Emerging literature shows the increased presence of the anti-14-3-3ζ antibodies in several immune dysfunctions, including human vasculitis and cancer. The antigenic 14-3-3ζ can directly affect T cell differentiation into Th1 and Th17 cells, and thereby promotes IFN-gamma and IL-17 production. The MHC class II presentation of 14-3-3ζ antigen strongly influence IFN-gamma production. The physiological significance of its antigenic role remains unknown

Intracellular 14-3-3ζ plays a role in interleukin-17 signaling. IL-17A is a proinflammatory cytokine involved in autoimmune diseases and host defense. The presence of 14-3-3ζ creates a bias in IL-17A signaling outcomes, by promoting the production of IL-6 while suppressing CXCL1.
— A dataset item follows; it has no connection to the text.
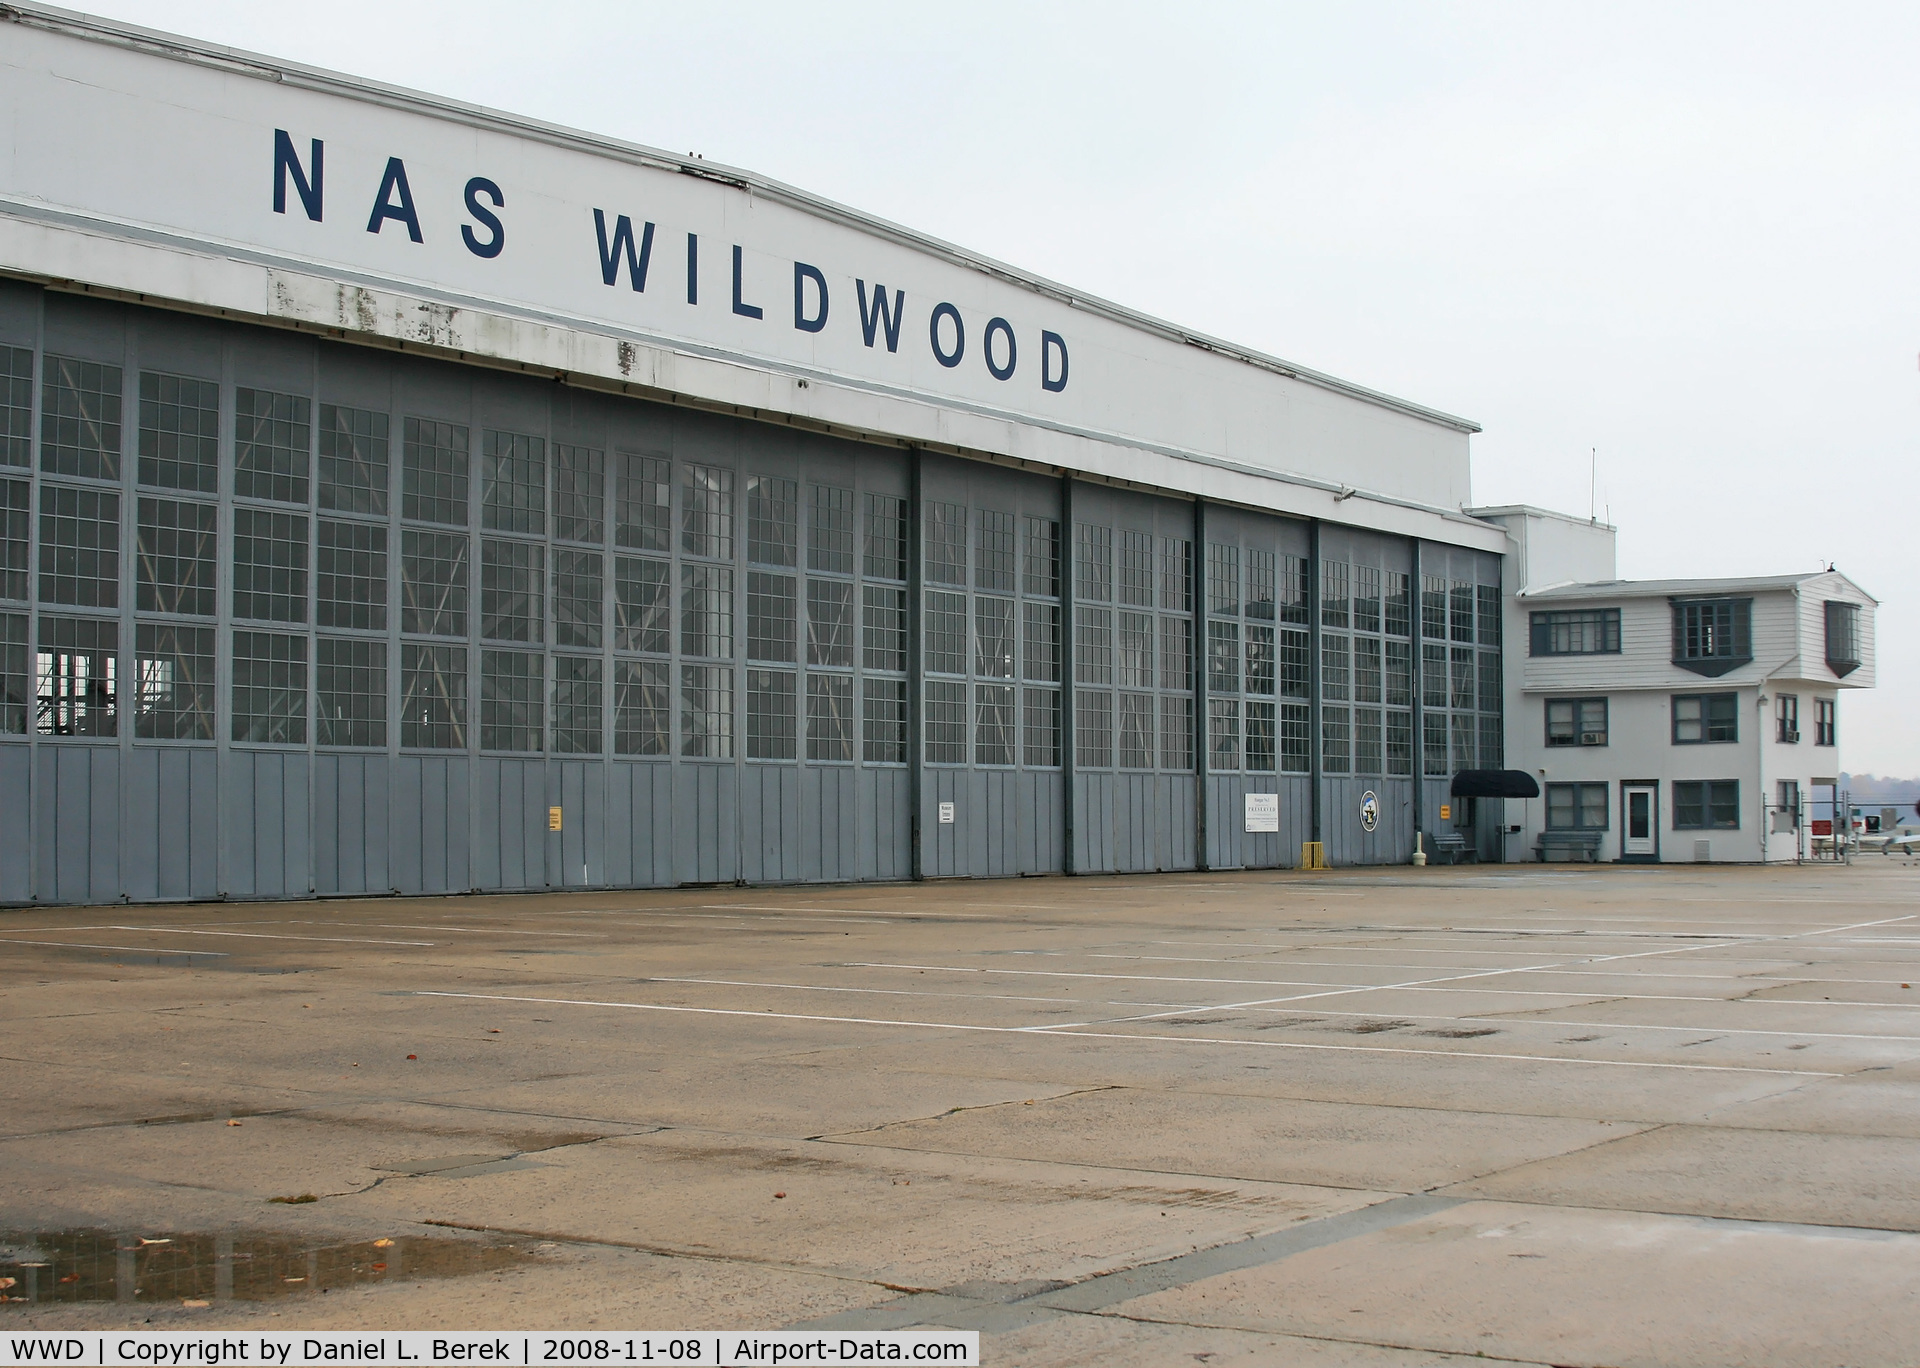 Cape May County Airport (WWD) - This is the historic hangar, which gave this airport its WWD moniker.  This building now houses the wonderful NAS Wildwood Foundation Museum.
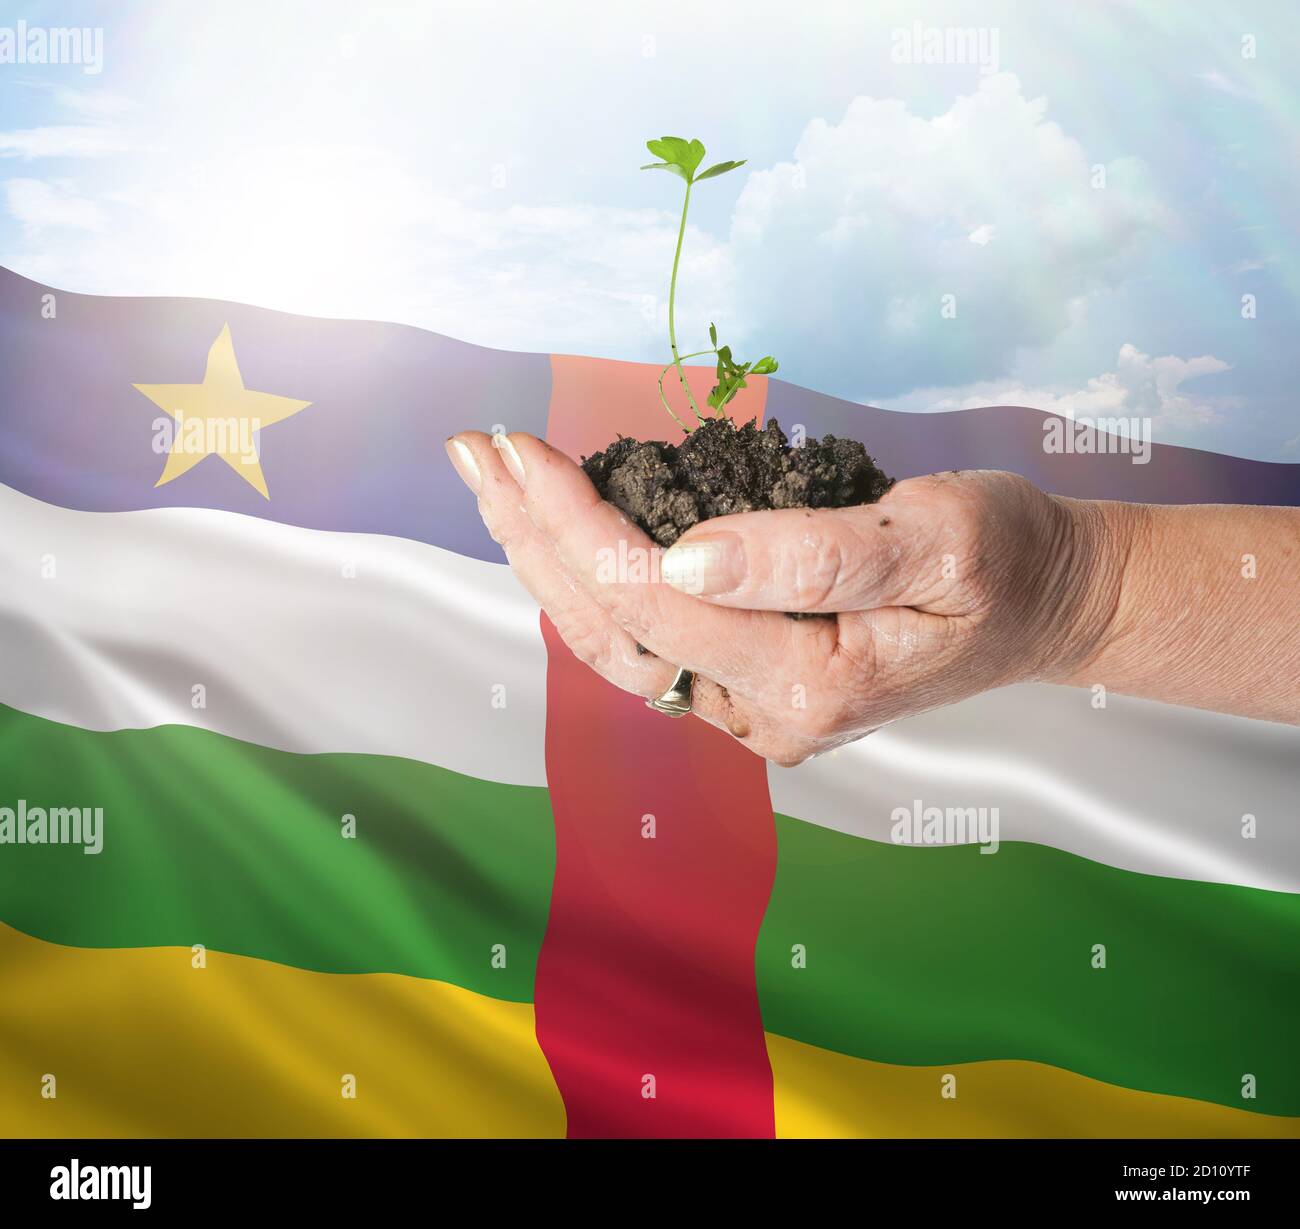 Central African Republic growth and new beginning. Green renewable energy and ecology concept. Hand holding young plant. Stock Photo

The14-3-3 protein zeta/delta (14-3-3ζ) is a protein (in humans encoded by the YWHAZ gene on chromosome 8) with an important apoptotic constituents. During a normal embryologic processes, or during cell injury (such as ischemia-reperfusion injury during heart attacks and strokes) or during developments and processes in cancer, an apoptotic cell undergoes structural changes including cell shrinkage, plasma membrane blebbing, nuclear condensation, and fragmentation of the DNA and nucleus. This is followed by fragmentation into apoptotic bodies that are quickly removed by phagocytes, thereby preventing an inflammatory response. It is a mode of cell death defined by characteristic morphological, biochemical and molecular changes. It was first described as a "shrinkage necrosis", and then this term was replaced by apoptosis to emphasize its role opposite mitosis in tissue kinetics. In later stages of apoptosis the entire cell becomes fragmented, forming a number of plasma membrane-bounded apoptotic bodies which contain nuclear and or cytoplasmic elements. The ultrastructural appearance of necrosis is quite different, the main features being mitochondrial swelling, plasma membrane breakdown and cellular disintegration. Apoptosis occurs in many physiological and pathological processes. It plays an important role during embryonal development as programmed cell death and accompanies a variety of normal involutional processes in which it serves as a mechanism to remove "unwanted" cells.